Write out nothing but the lines from the first line of the entries below through the line with "green moss on rocks in river"; no pictures go in.

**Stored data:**
====================
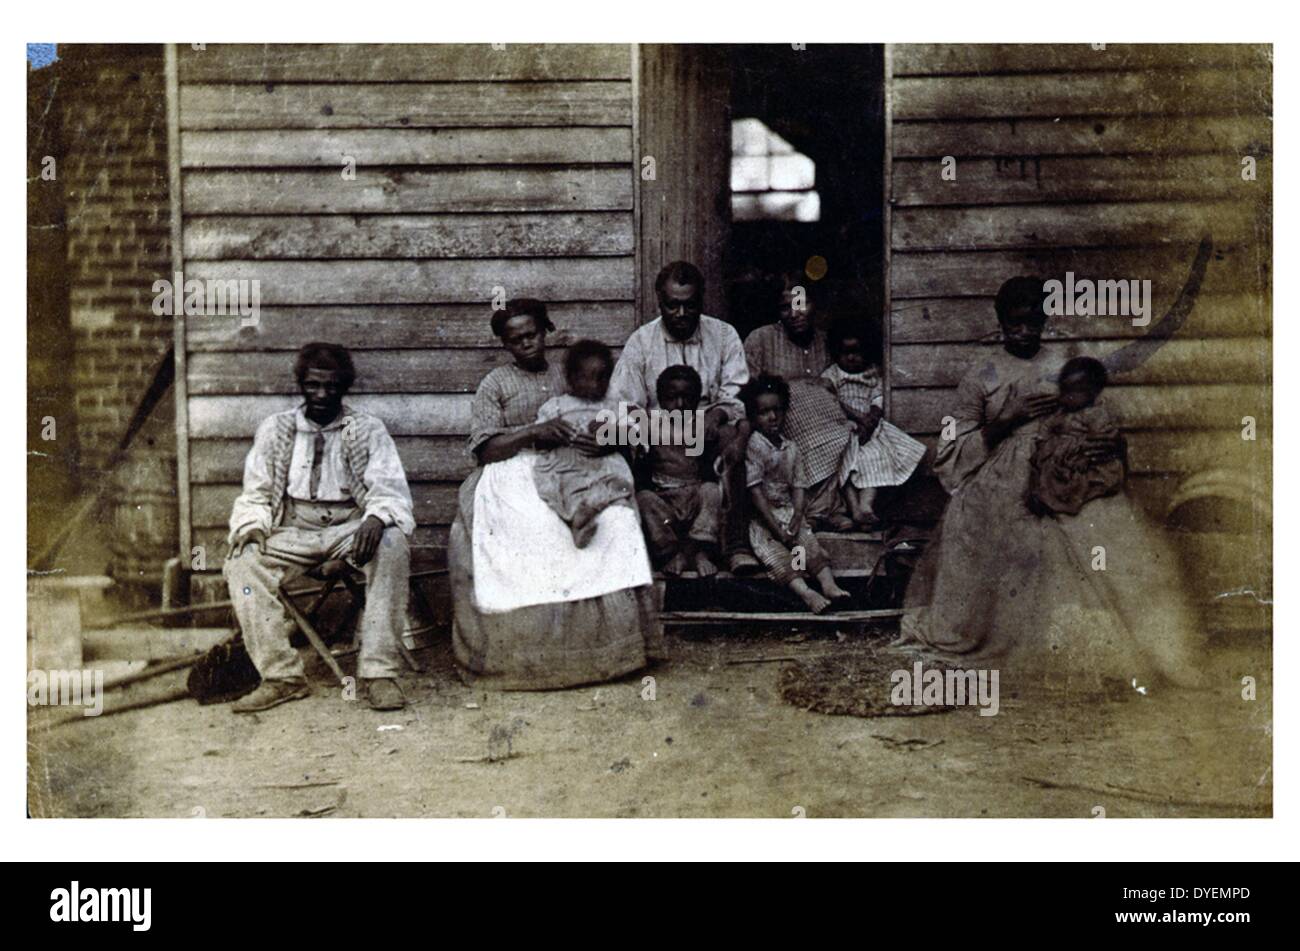 Familie der Slaves Gaines' Haus. Veröffentlicht 1861 oder 1862. African American slave Familie oder Familien vor Holz- Haus, Washington, D.C. oder Hampton, Virginia gestellt. Stockfoto
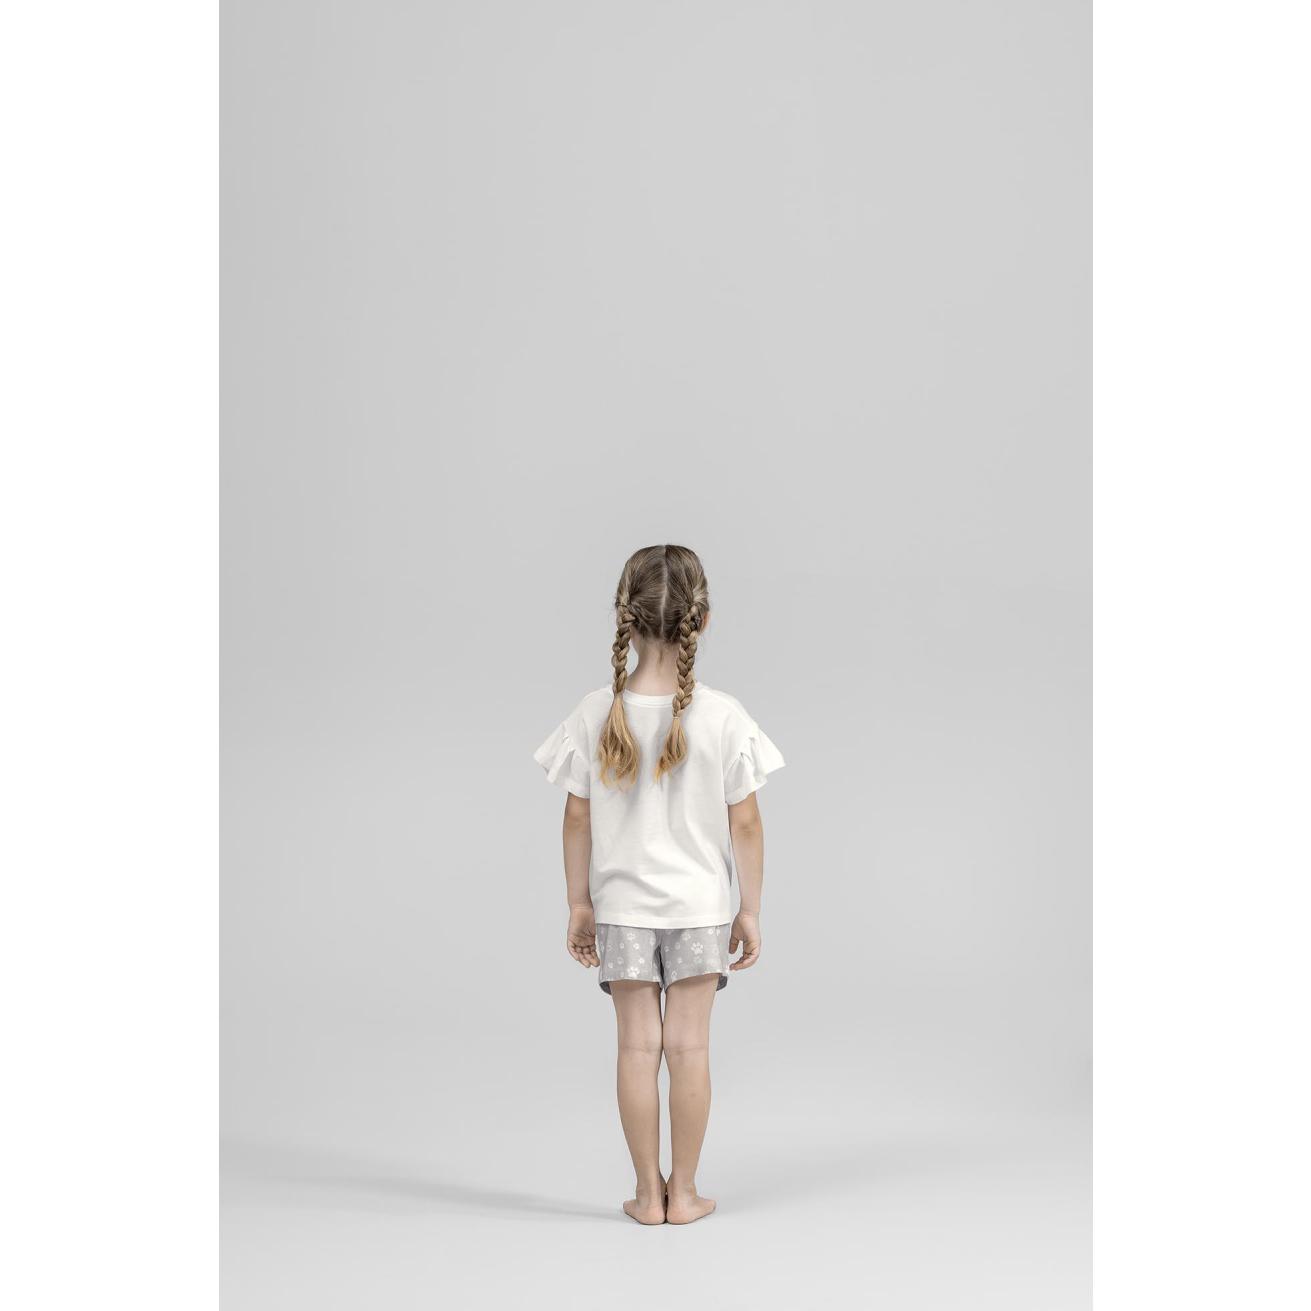 Пижама для девочек Kids by togas Китти бело-серая 92-98 см, цвет белый, размер 92-98 см - фото 5
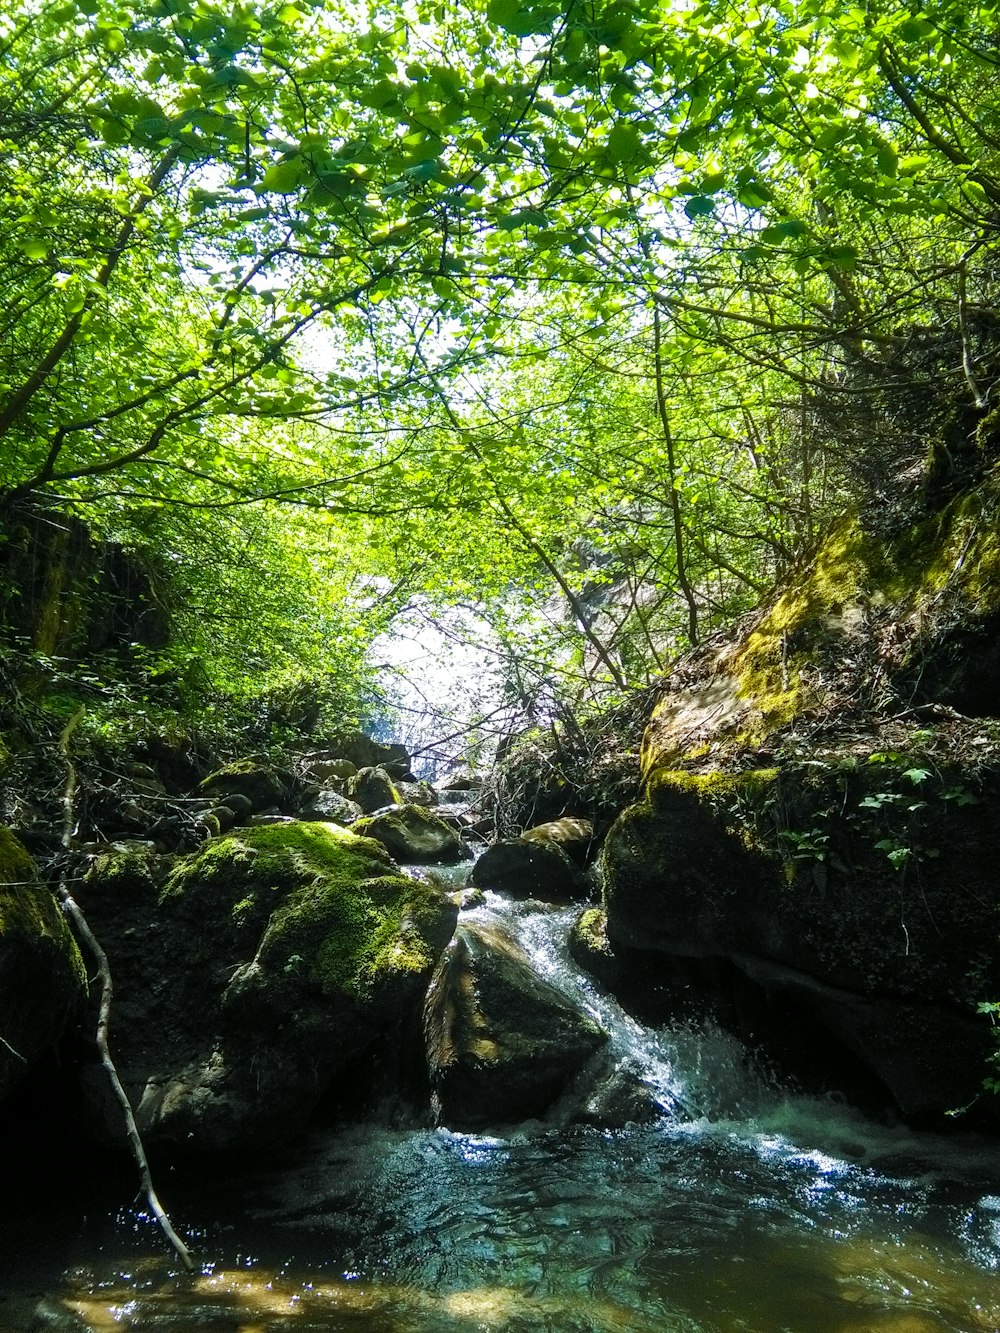 green moss on rocks in river
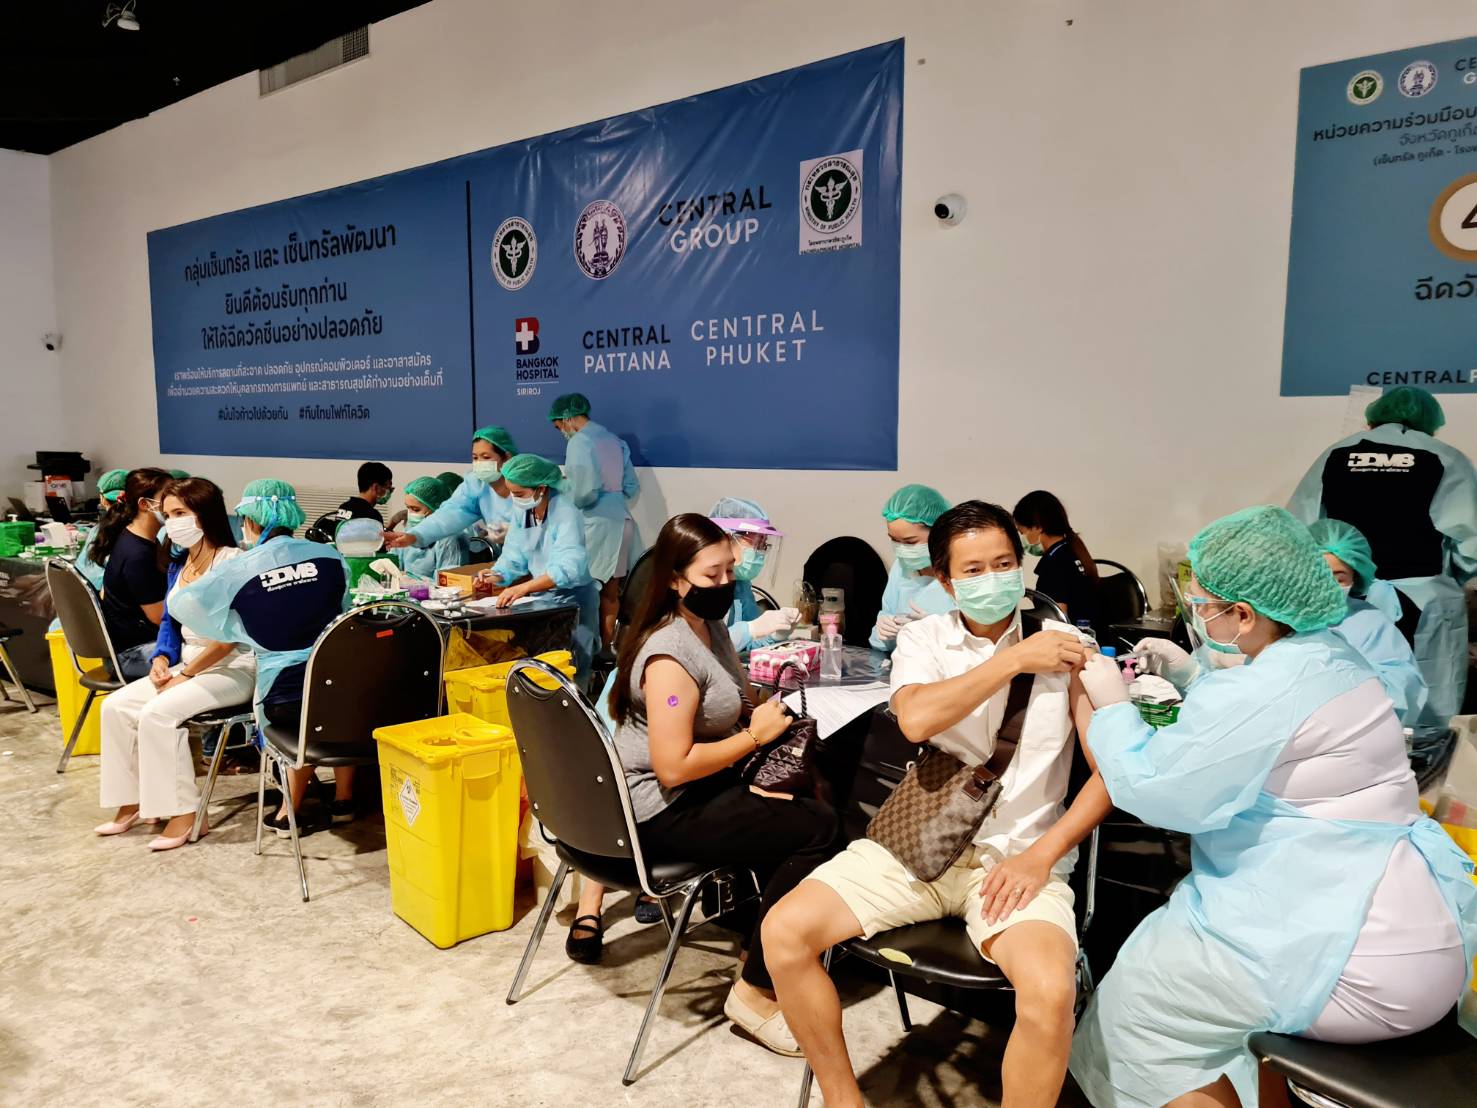 “เซ็นทรัล ภูเก็ต” นำร่องเป็นศูนย์การค้าแห่งแรกในไทย สร้างภูมิคุ้มกันหมู่ได้สำเร็จ พนักงานรับวัคซีนครบ 2 เข็มแล้ว 85% 
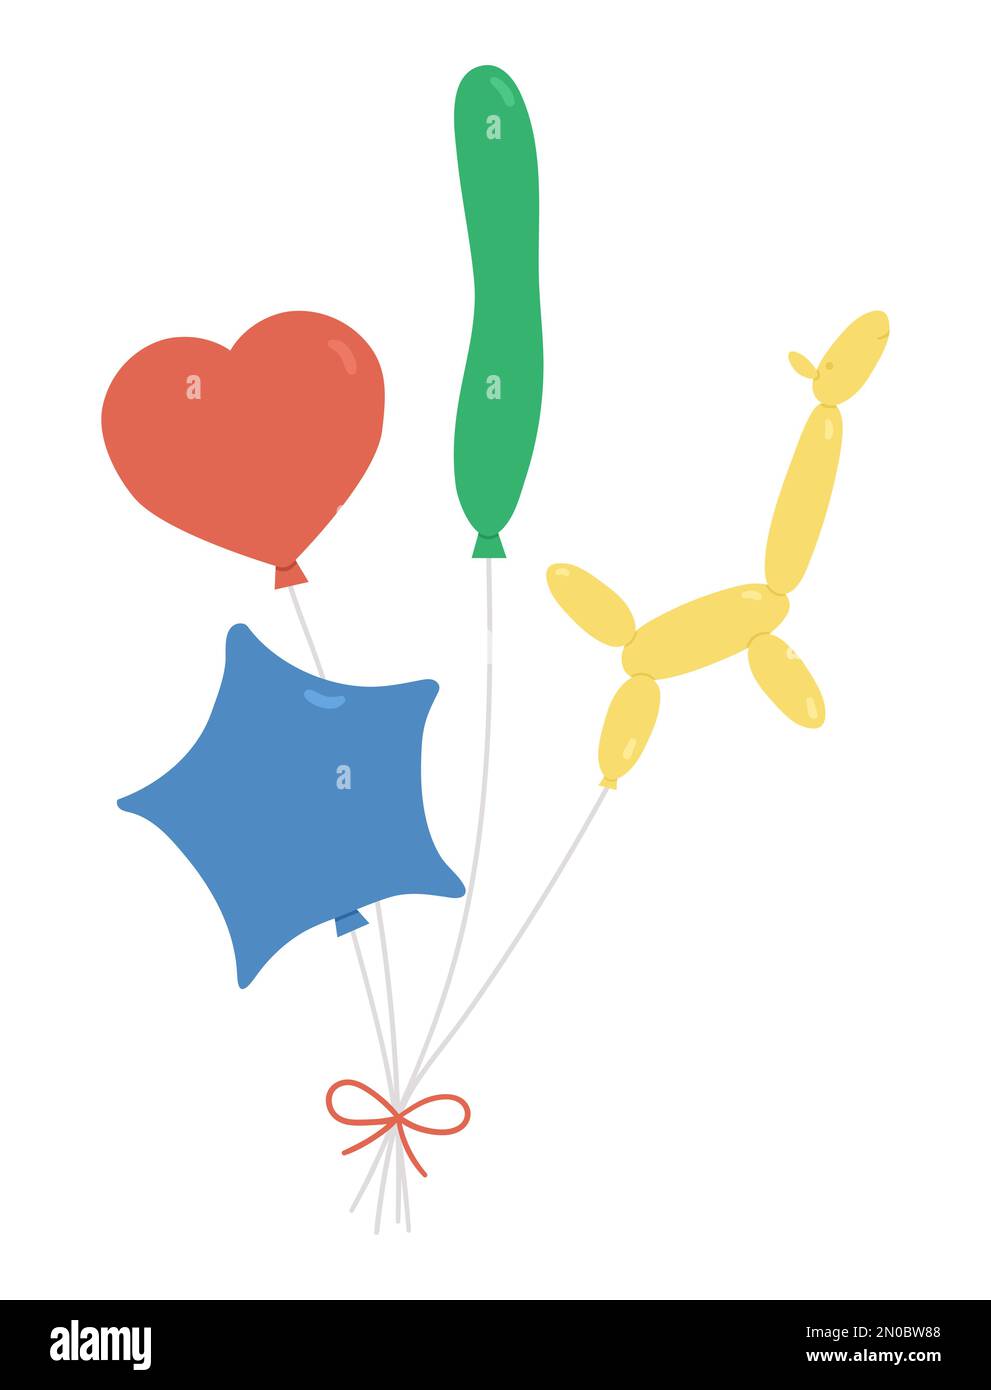 Ein hübscher Haufen Luftballons in verschiedenen Formen mit Schleife. Lustiges Geburtstagsgeschenk für Karte, Poster, Print-Design. Ein tolles Weihnachtsfoto für ein Kind Stock Vektor
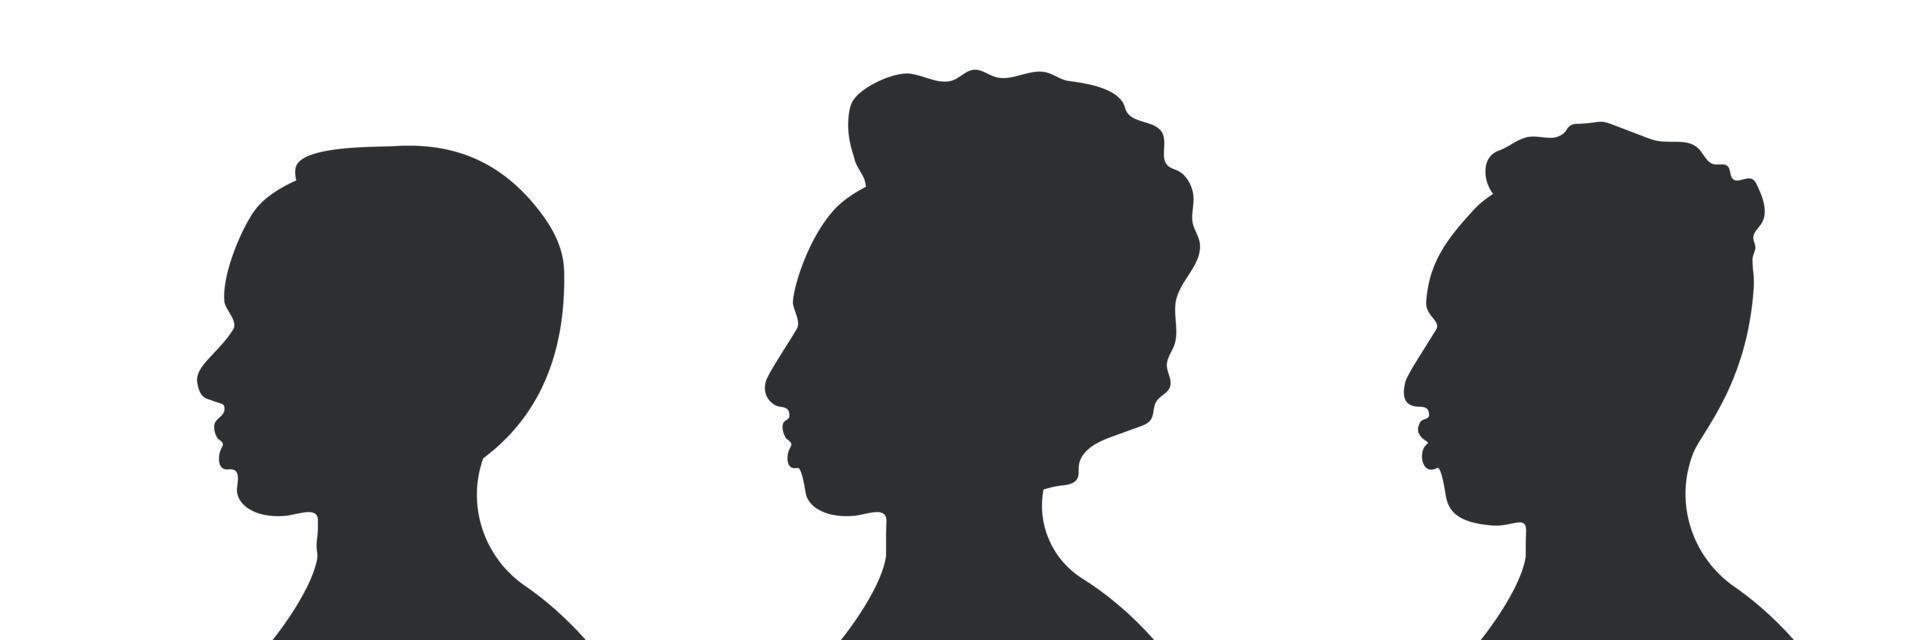 conjunto de hombres afroamericanos. contorno de silueta humana. cara de retrato masculino. ilustración vectorial vector
====================
**Reply:**
 Familie der Slaves Gaines' Haus. Veröffentlicht 1861 oder 1862. African American slave Familie oder Familien vor Holz- Haus, Washington, D.C. oder Hampton, Virginia gestellt. Stockfoto
 Пижама для девочек Kids by togas Китти бело-серая 92-98 см, цвет белый, размер 92-98 см - фото 5
 green moss on rocks in river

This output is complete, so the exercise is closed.